DataFrames groupby() by a column of mutable custom type

Here is a small example:

mutable struct Mystring
    str::String
end

using DataFrames

strs = ["a","b","a","b"];
mystrs = Mystring.(strs);
df = DataFrame(col_str=strs, col_mystr=mystrs);
println(df)

println(groupby(df, :col_str))
println(groupby(df, :col_mystr))

I would expect both groupby()'s to return the same groups (g1 gets rows 1 and 3, and g2 gets rows 2 and 4). Instead, the groupby(df, :col_mystr) returns 4 groups, each having a single row.

I tried overloading the simple comparison operators, but the result did not change:

Base.:(==)(str1::Mystring, str2::Mystring) = str1.str == str2.str
Base.:(>)(str1::Mystring, str2::Mystring) = str1.str > str2.str
Base.:(<)(str1::Mystring, str2::Mystring) = str1.str < str2.str

Important is also that this behavior is specific to mutable struct; if Mystring is declared as an immutable struct, groupby() works.

What am I missing?

Thanks :slight_smile:

Very interesting! Great to see someone experimenting with grouped dataframes and custom types.

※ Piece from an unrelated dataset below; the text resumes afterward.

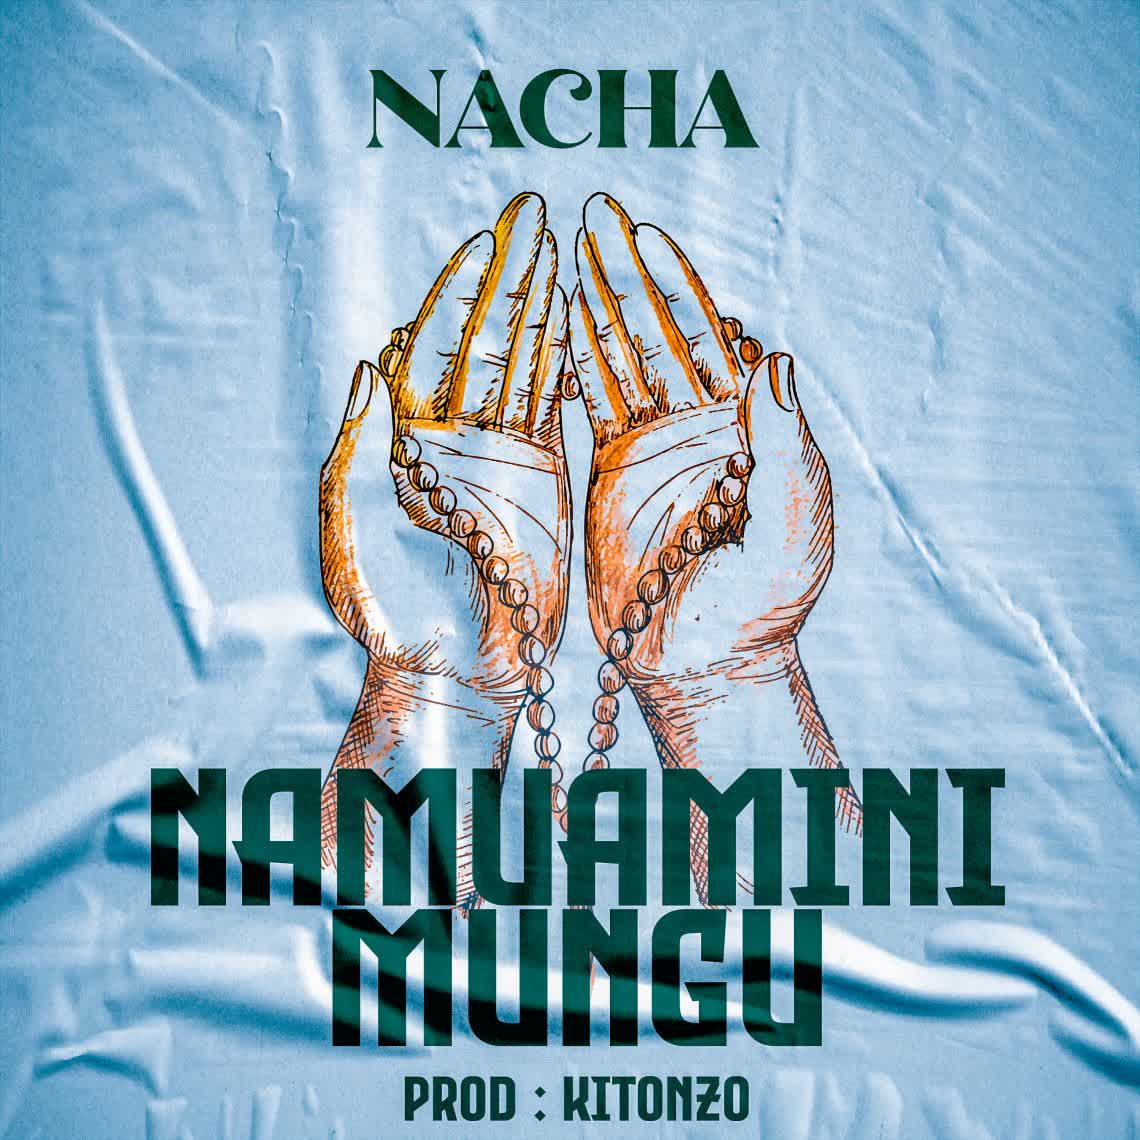 Nacha - Namuamini Mungu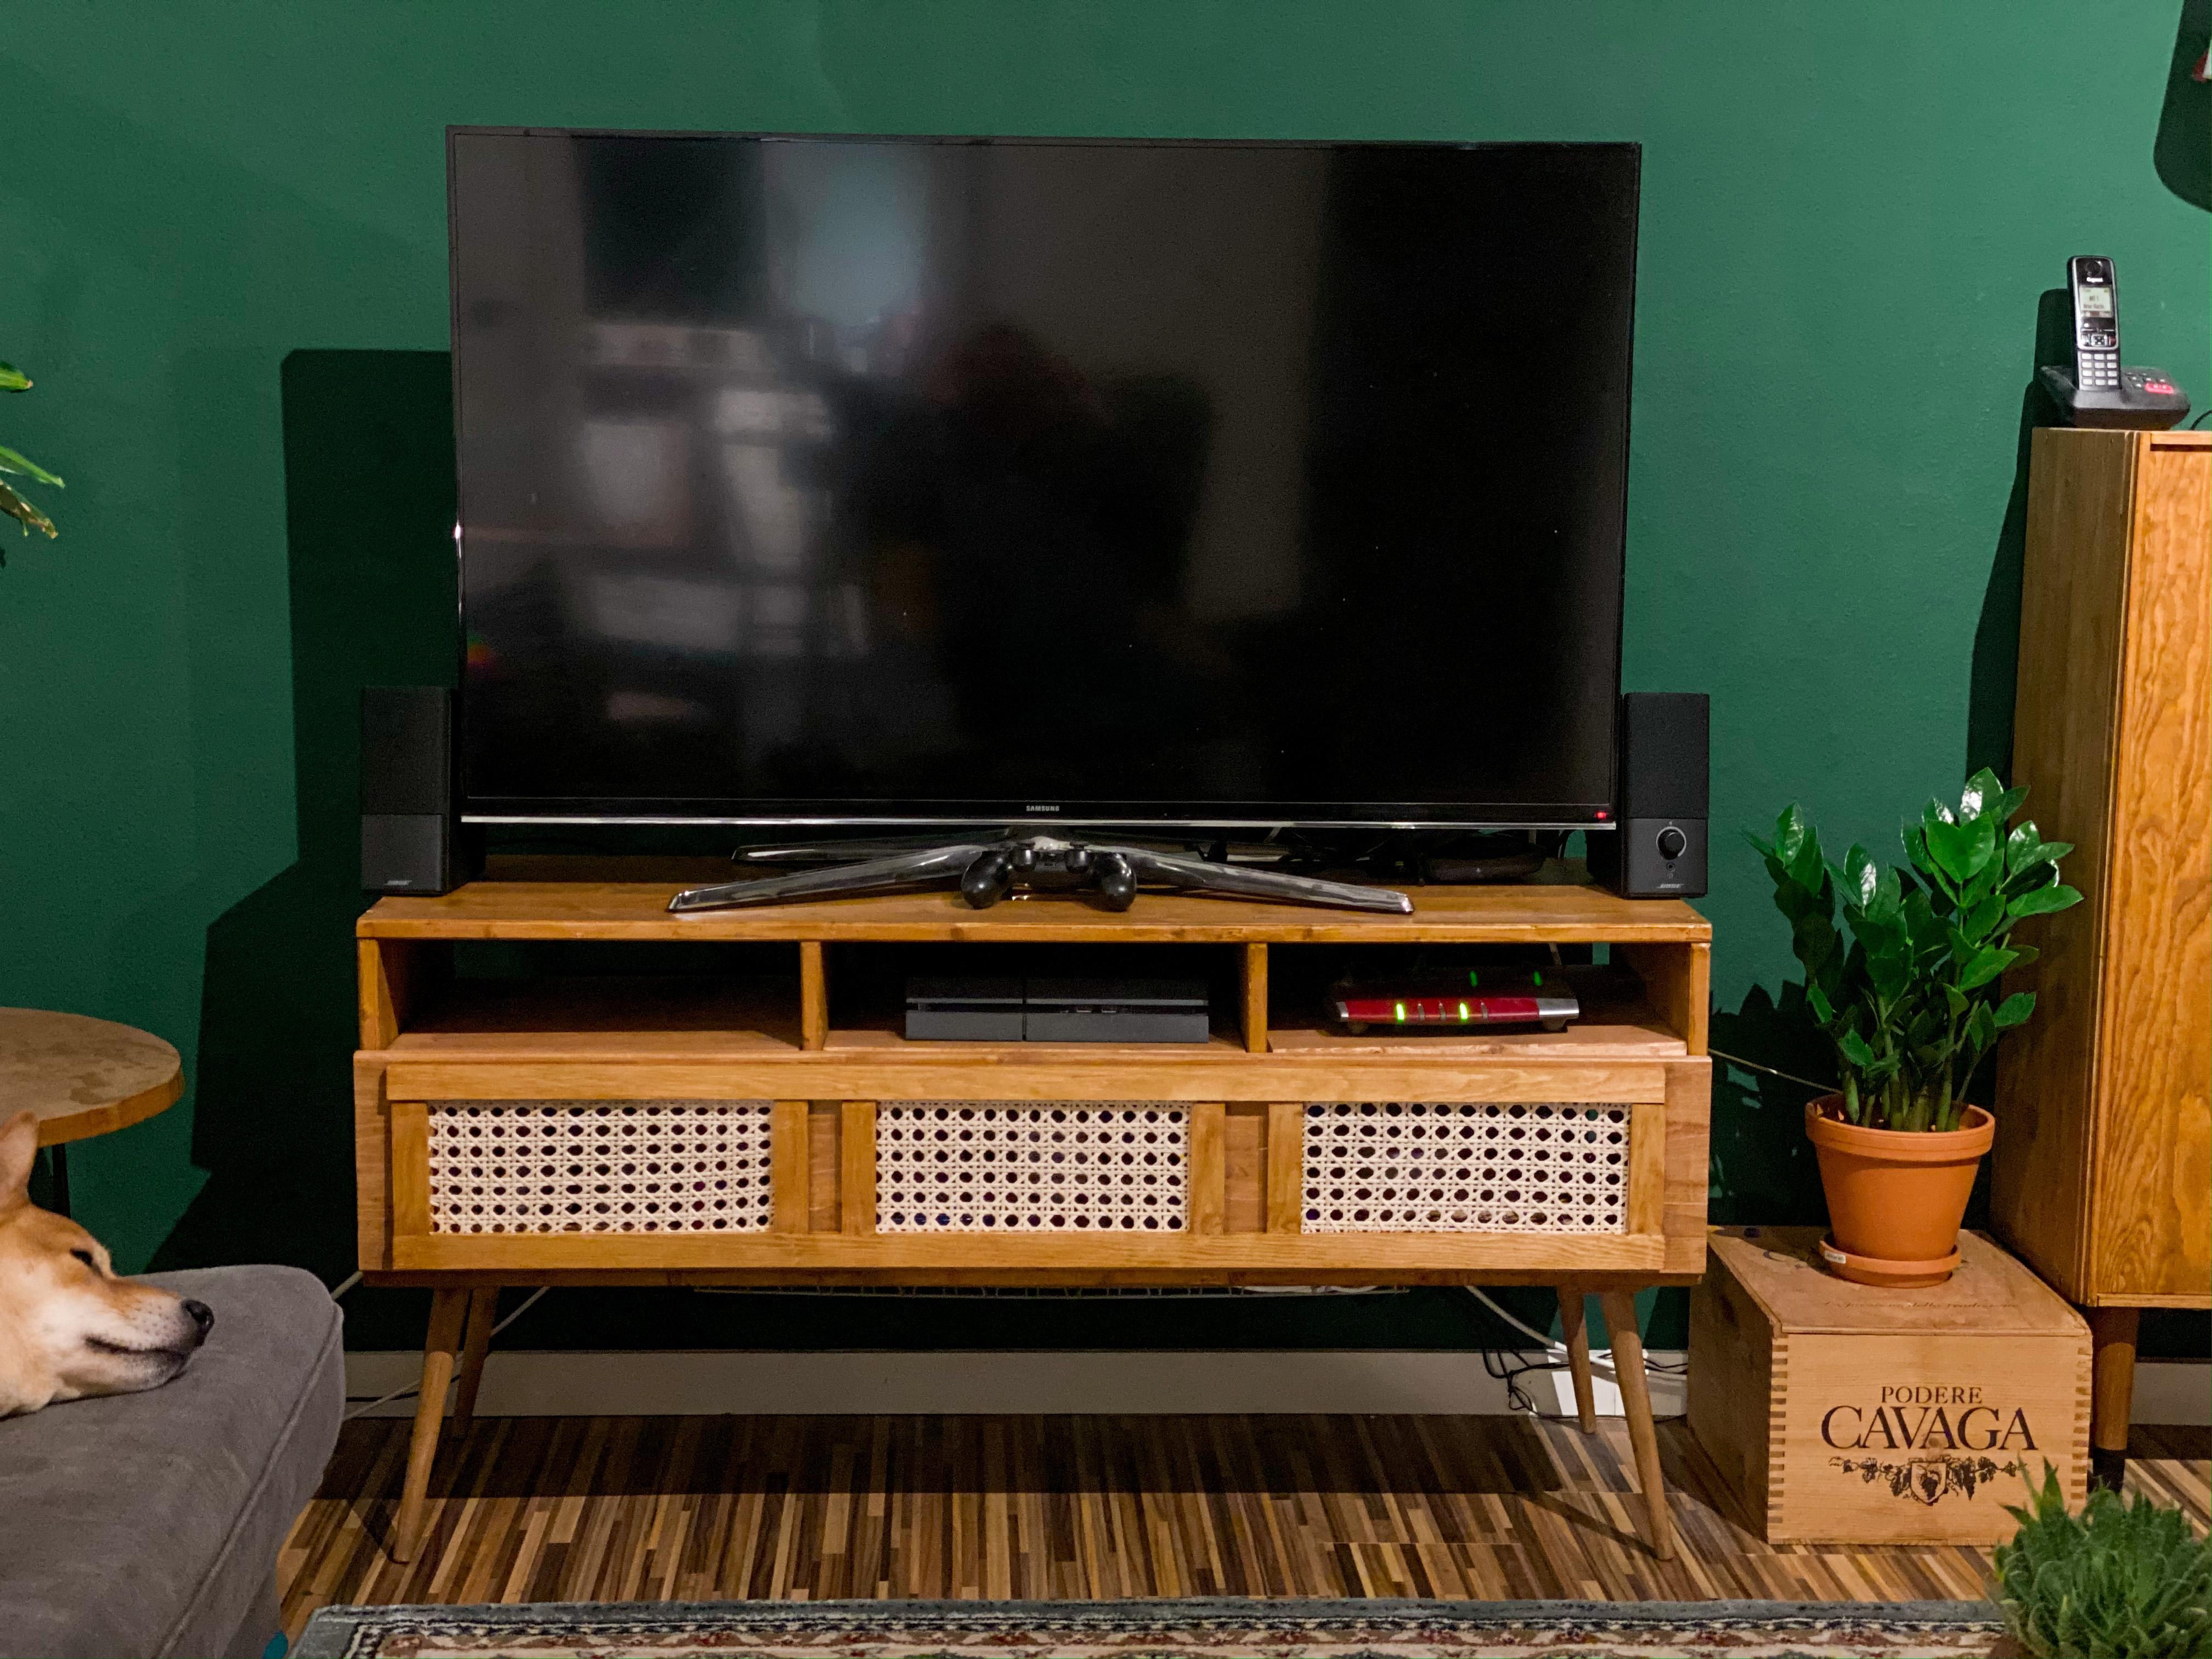 #diymöbel meine selbstgebaute tv Bank☺️ Selbstgeflochten dank Youtube Anleitung. Dem Hund gefällt sie auch 😀

I’m glad that this works for an immutable type. Though I would have expected hash to be the thing you need to define rather than ==.

I don’t know what’s going on with mutable types. This is very interesting. I am pinging @bkamins on this.

Hopefully when we understand the behavior we can add this to the docs.

3 Likes

The standard thing happens, the equality is checked with isequal not == (otherwise missing would not be handled correctly for instance as they would not produce Bool but missing). You need to define isequal and in consequence also hash for your type.

See:

  isequal(x, y)

  Similar to ==, except for the treatment of floating point numbers and of missing values. isequal treats all floating-point NaN values as equal to each other, treats -0.0 as unequal to
  0.0, and missing as equal to missing. Always returns a Bool value.

  isequal is the comparison function used by hash tables (Dict). isequal(x,y) must imply that hash(x) == hash(y).
3 Likes

This is implicitly implied by this line in groupby documentation:

GroupedDataFrame also supports the dictionary interface.

but indeed we could be explicit here.

I was not aware isequal was not the same as ==, thanks.

For future reference, this is the solution:

Base.isequal(str1::Mystring, str2::Mystring) = str1.str == str2.str
Base.hash(str::Mystring, h::UInt64) = hash(str.str, h)

Thanks again!

4 Likes